Friday, 2 November 2012
The week following my last tour was dominated by the loss of Jonathan’s grandfather. Though he had been ill off and on and was older but at the time of his death he was in pretty good health considering and in the end it was a heart attack that took him from us. Jonathan’s sister had been working when I heard the news and I didn’t want to risk contacting her until I was sure her family in Perth had been able to tell her. Therefore it was the next day when we spoke. I was working and since Papa’s death had been such a shock it honestly never occurred to me to ask for time off work. I did consider flying down to Perth but Jonathan’s sister decided to go home for the funeral so she could be with her family so I stayed put and worked the hours I was rostered on for. That week I phoned Jonathan’s mother a few times but really what could I say? I knew as well as most that there were no words and nothing I could do. It was only the day after the funeral that It really hit me. On the day of his funeral I really think I did ok at work but as soon as I was told I would be finishing then it all hit me and my shift ended rather badly. However I let it go and sat down to eat some food and raise a dram of single malt to a man who I didn’t know as well as I would have liked but who I loved as my own grandfather. I’m not sure who at work knew what was going on or if they understood how hard it was but the people I told were sympathetic and I am fairly sire I was given a bit of extra leeway that week. However there is only so much that can be done and on the Saturday we had a big event. Thankfully it didn’t require too much from me mentally just a lot of clearing up but as I left work I felt everything finally hit me. A tearful call home to my mother and some (undeserved) ranting about my work place and the general unfairness of life in general followed and as hard as it was for my mother to hear it was necessary and cathartic and after wards I felt much calmer.

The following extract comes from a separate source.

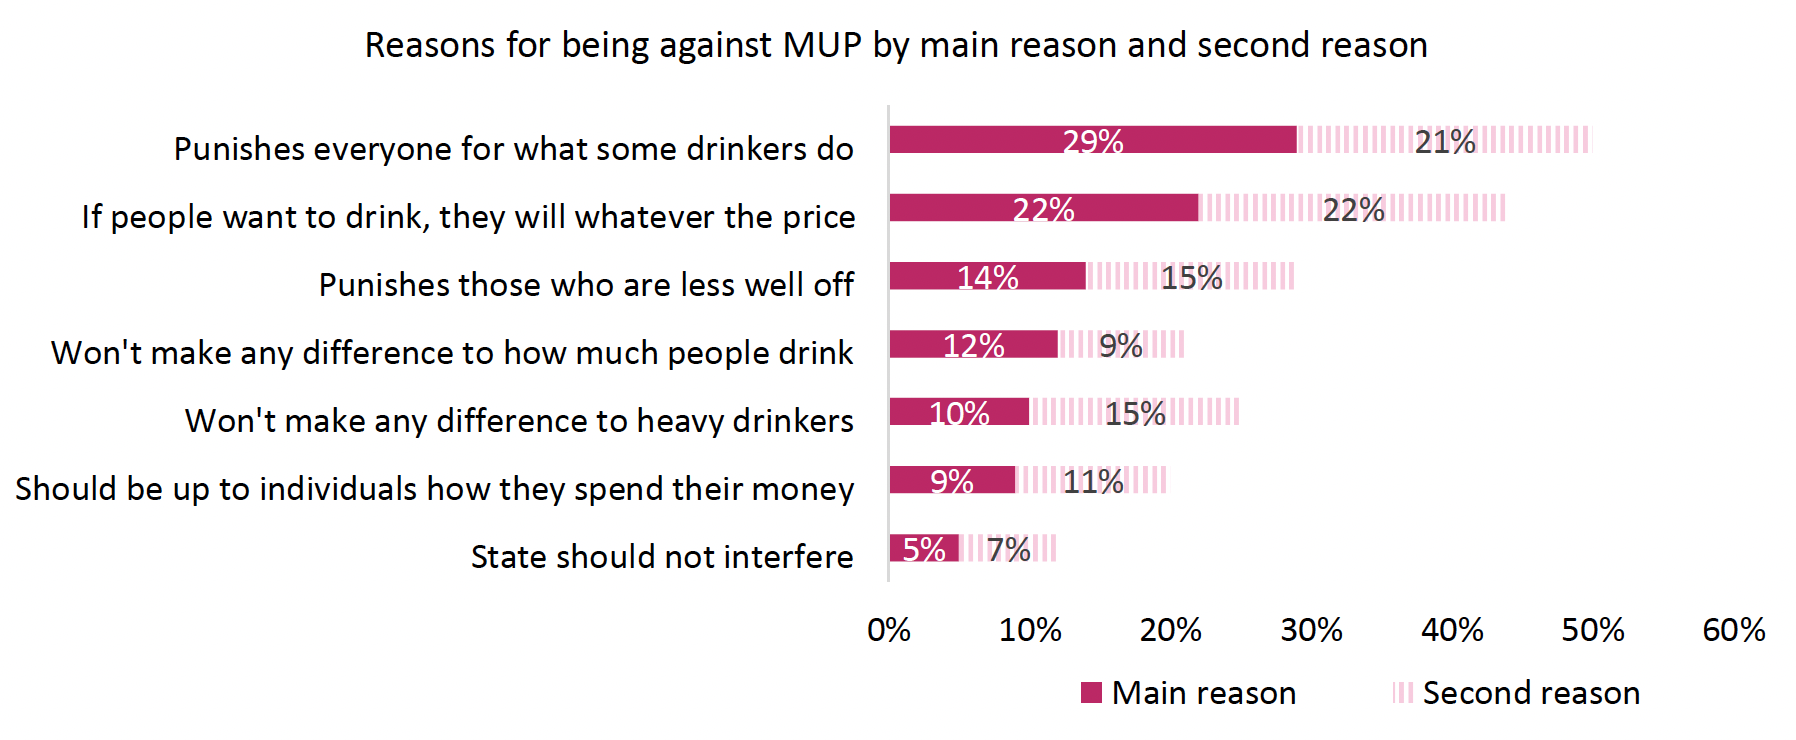 Stacked bar chart showing reasons for being against MUP by main reason and second reason. The most popular main reason and overall reason given is 'Punishes everyone for what some drinkers do', while the most popular second reason given is 'If people want to drink, they will whatever the price'.

It was round about this point that I also realised that I had been harbouring my fear of having everything taken away again. Of course the realisation itself helped me to adjust my behaviour and I started trying to be more positive. I’ve always liked the leave it part of my take it or leave it life style but for once I have decided that leaving is not an option, at least not on a whim. After two months in one place and with all the fun parts done I’m working on preparing myself for my future wanderings. This means learning some new skill, one of which is making coffee. I had two days off after a full week on following Papa’s death so I took the first one to take some time out to relax but on the second one I set my alarm and went in to work at 8am to spend an hour or so with our barista. Afterwards I took steps to offset my newly acquired love milkshakes and often indulged love of desserts by taking advantage of the quieter pool in the hostel to start swimming again.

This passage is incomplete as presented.